Turning around and almost losing my balance, I see the old man sitting on a bench near the riverwalk railing. He has a bowl next to him with the loaves of bread he just bought, all torn to pieces and the half eaten donut in his right hand resting on his khaki pants.

“We forgot to put this cake in your bag sir! So sorry for the mistake it will not happen again,” I apologize. I rush down the steps and over to the man, holding the cake at arms length to hand to him. He puts the half donut back in its box and wipes his mouth and then wipes his hands over the old concrete walkway. As he looks up to me and accepts his cake, he says ‘thanks’. The small turn of his lips at the corner let me know that he is in some way thankful and happy. I reply with a ‘no problem’ and begin to turn away. Curiosity set in and I turned to look back at the old man. Just watching, I could see the sad in the way he hung his head between his arms as he turned the ring on his left hand. He stood, leaving the torn apart bread, the lemon pound cake, and the nearly eaten donut behind, and walked over to the side of the river. Up in the air the crows cawed and, not too far away, a single grave stood out as the old man continued to turn his ring.

“Do you need anything else sir?” I asked slowly, not wanting to sound too pressing as I tried to continue a conversation.

He turned his head back to look at me, then turned back to the crows flying over the water. “Nah, just ‘gunna stand here for a while,” he said with a lightness in his voice that made me think he was inviting me into the conversation. I walked up to the side of the river, peering over the railing to see the murky, black water. I stood there for a minute, then he asked me, “How long you been working in the bakery?”

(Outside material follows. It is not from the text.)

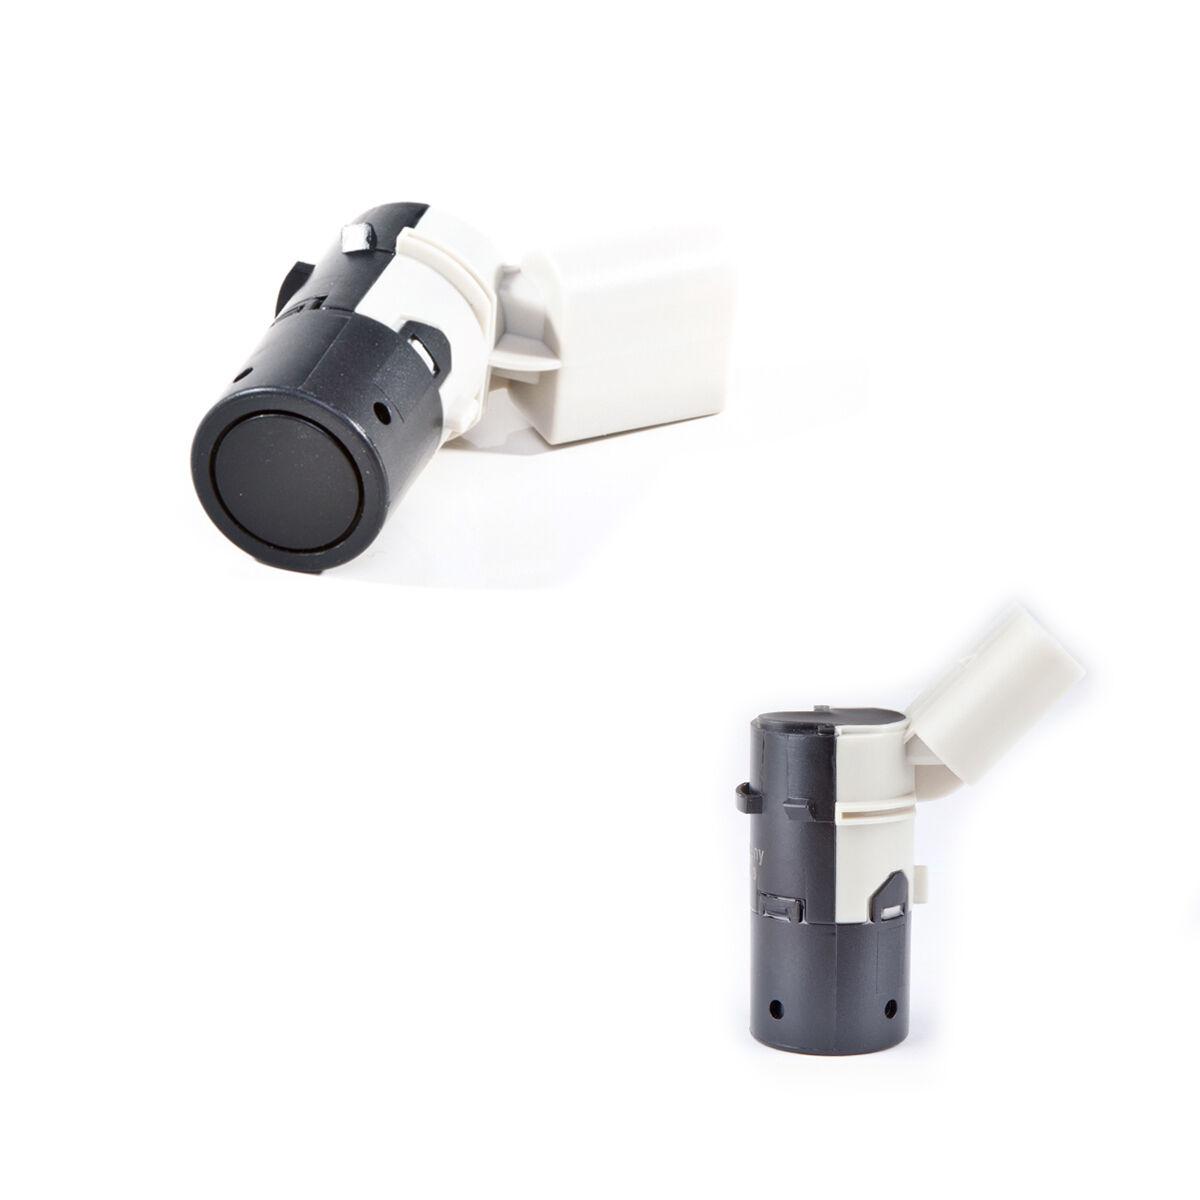 Sensor Radar Rückfahr Detektor Hilfe Zum Parken 7H0919275C 7H0 919 275 C

“For about three years now,” I said. He nodded his head in acknowledgement of my answer. “My wife worked there for about a week before she got pissed off with the owner about 4 and ‘half years ago, before she passed away.” He looked down at his ring again and slipped it off his rough, worn hands. He was probably a manual worker before retirement. “You know I built this house for her, a good thirty years ago; adding a little extra every year, whatever she wanted,” he told me. The ring slowly turning between his fingers, obviously deep in thought.

“It’s an amazing house sir.” I said this to him in an, almost, consoling manner. “I don’t think she liked it that much.” As he said, this I look back at the beautiful house. He saw me look back and chuckled saying, “Not the house. Working at the bakery. That’s why she quit I suppose.”

The old man and I spent an hour on the riverwalk, before my boss sent another employee to track me down, talking about life and the bakery that day. I went home that night and thought about how quickly his life ended when his wife passed away.  It was the second Thursday of the month and I knew the old man would be arriving soon to pick up his usual order. I even had it already written down on a ticket to try and have it ready when he got there. I looked at the clock; he would arrive at any moment. I looked at the ticket that lay behind the counter, and then looked at the clock again. It was almost closing time. Again, I looked at the clock, then I looked at the ticket that lay in the trash.